Bulk Thermodynamics Determines Surface Hydrogen Concentration in Membranes

Abstract

The functioning of hydrogen selective metal membranes relies on the fine-tuned interaction of their surfaces with the inner bulk. The link between hydrogen permeation and surface concentration is unveiled using a novel combination of thin film preparation and surface science analysis to probe and intentionally modify the surface properties of palladium vanadium composite membranes. The in situ preparation allows for observation of ultra-clean hydrogenation and the quantification of the permeation as a function of temperature and pressure. The sub-surface hydrogen concentration is determined by operando reflecting electron energy loss spectroscopy (REELS) and surface elemental characterization by X-ray photoelectron spectroscopy and Auger electron spectroscopy under oxygen-free conditions as a function of pressure and temperature, from which the surface hydrogen pressure-composition isotherms are derived.
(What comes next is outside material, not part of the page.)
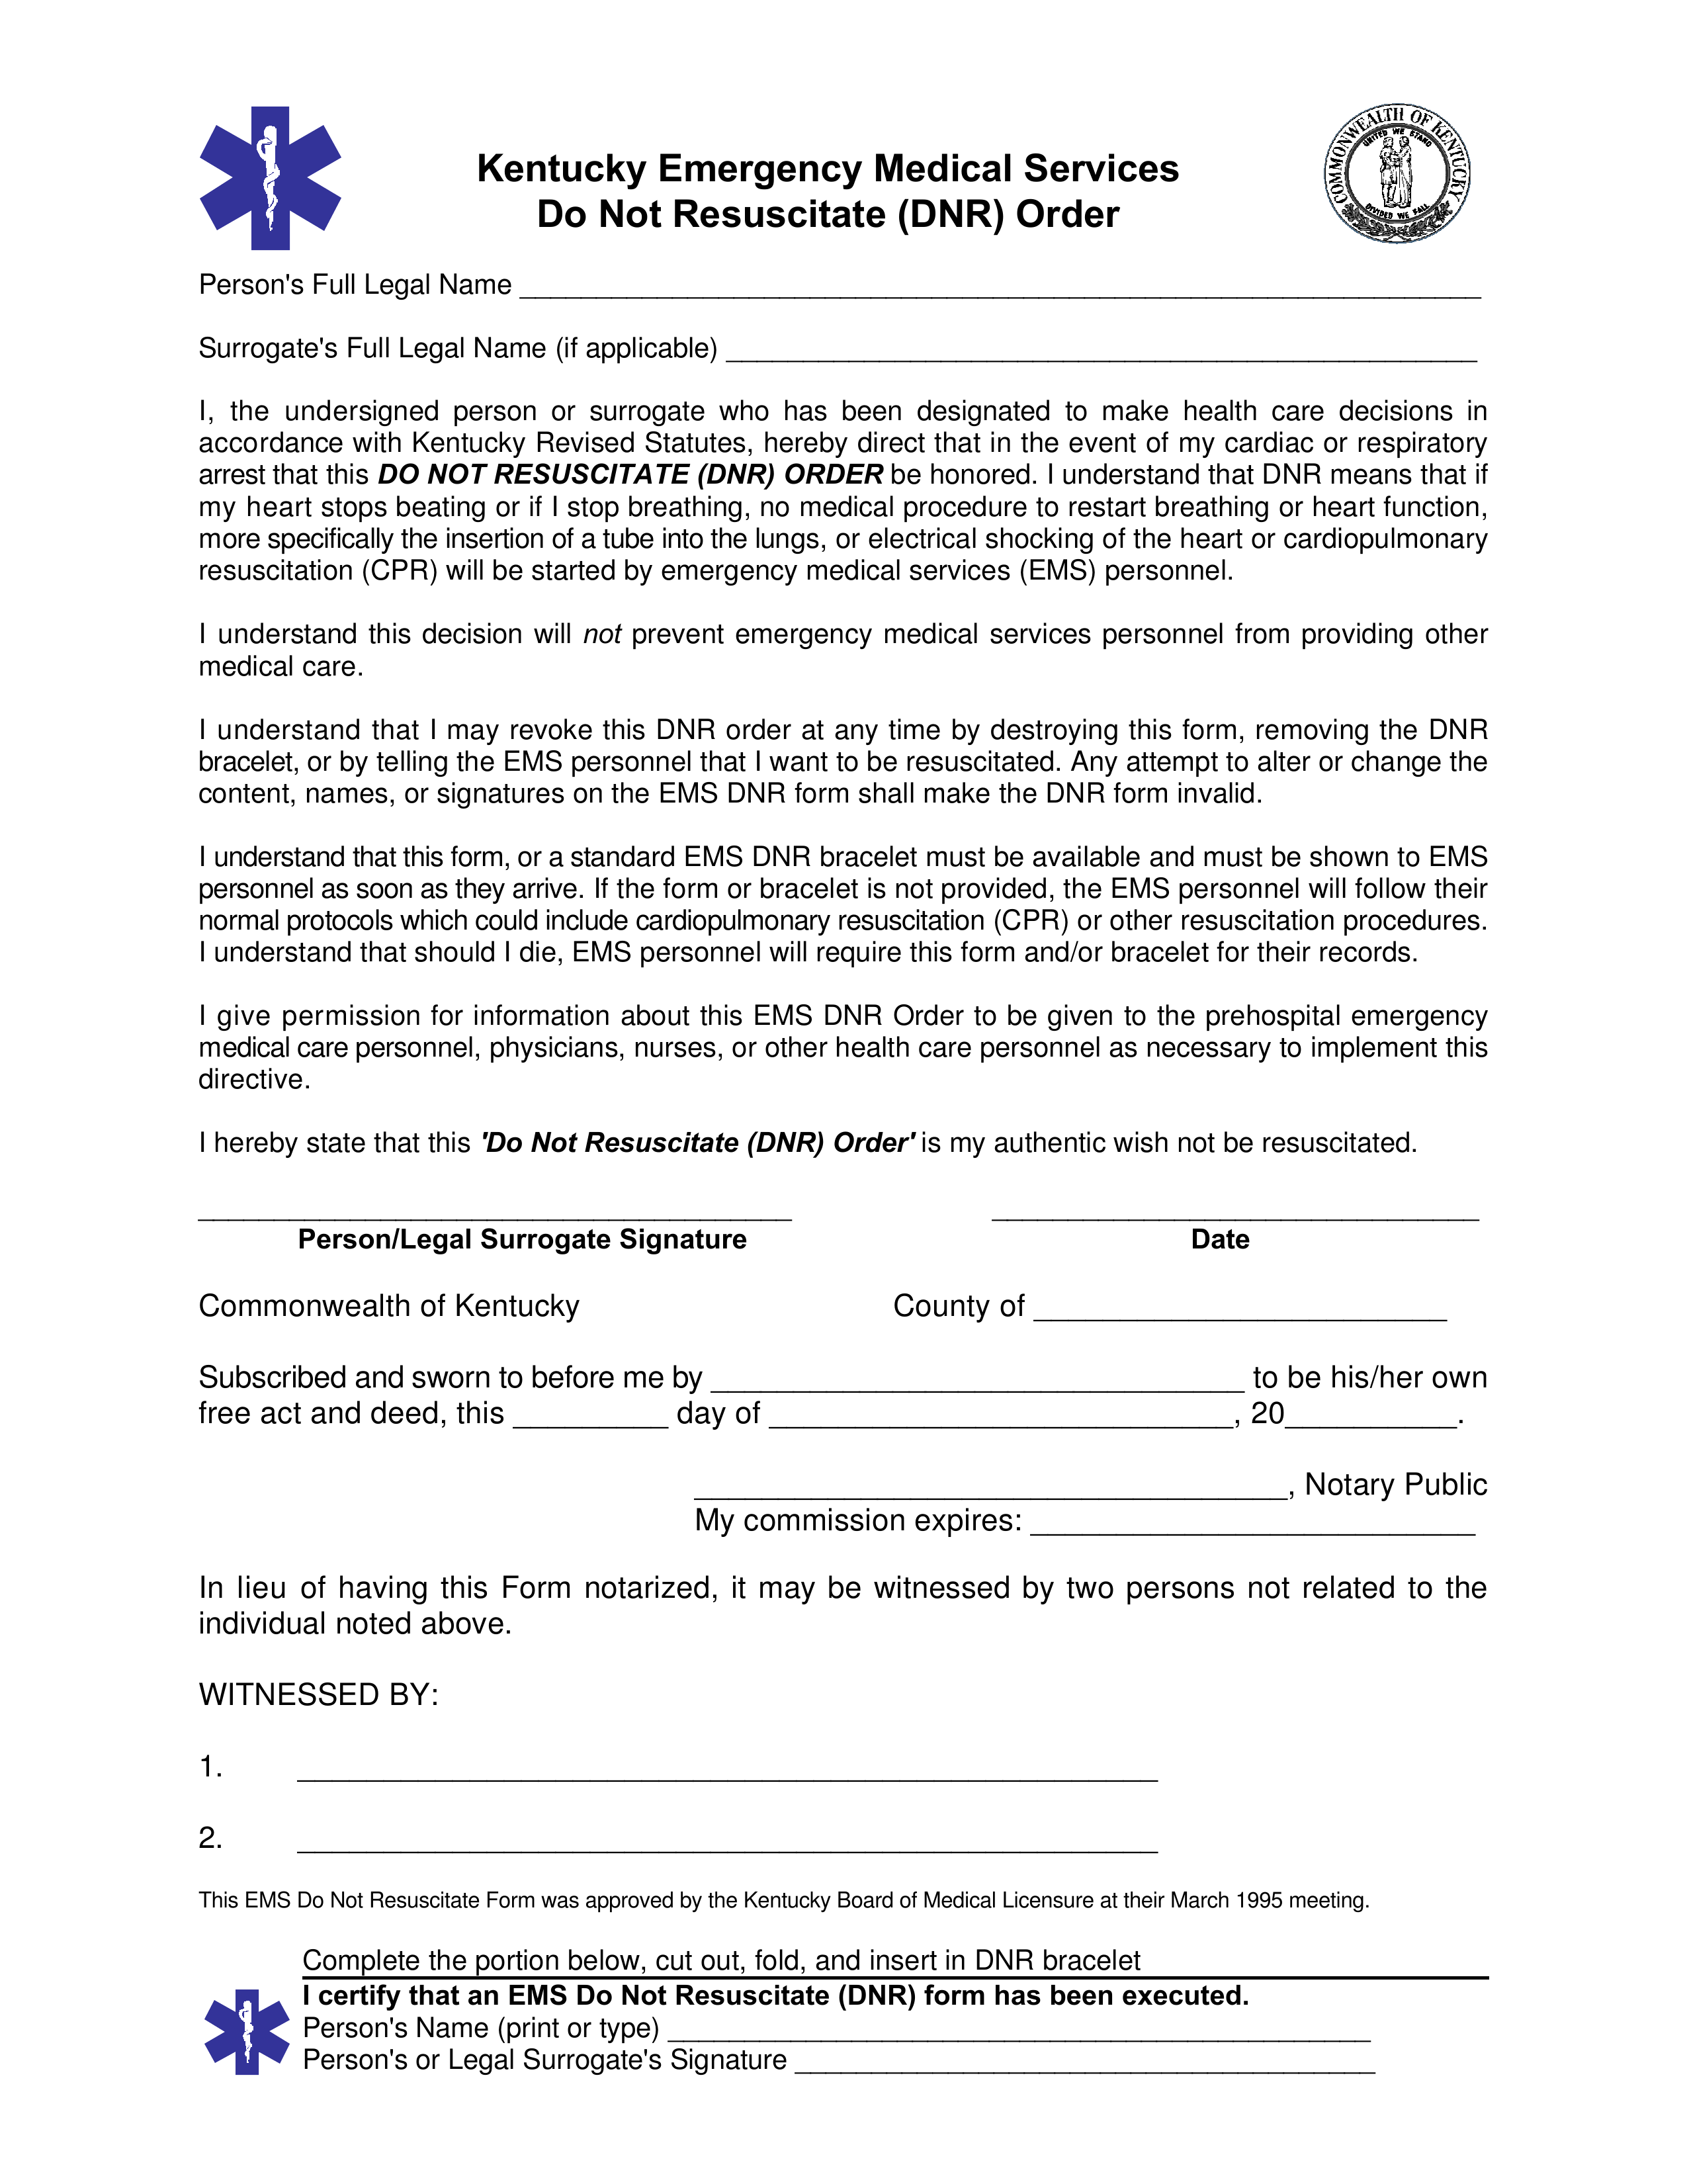 Kentucky Do Not Resuscitate (DNR) Order Form

The energy dependence of REELS reveals that the VHx layer exhibits a hydrogen concentration gradient. Modeling of the permeation behavior and surface hydrogen concentration yields activation energies in good agreement with similar hydrogen absorbing thin film systems for the overall process, the dissociation at the Pd surface, the diffusion in the membrane, and the dissociation at the V surface. The bulk thermodynamic properties of the metal hydride govern the desorption process.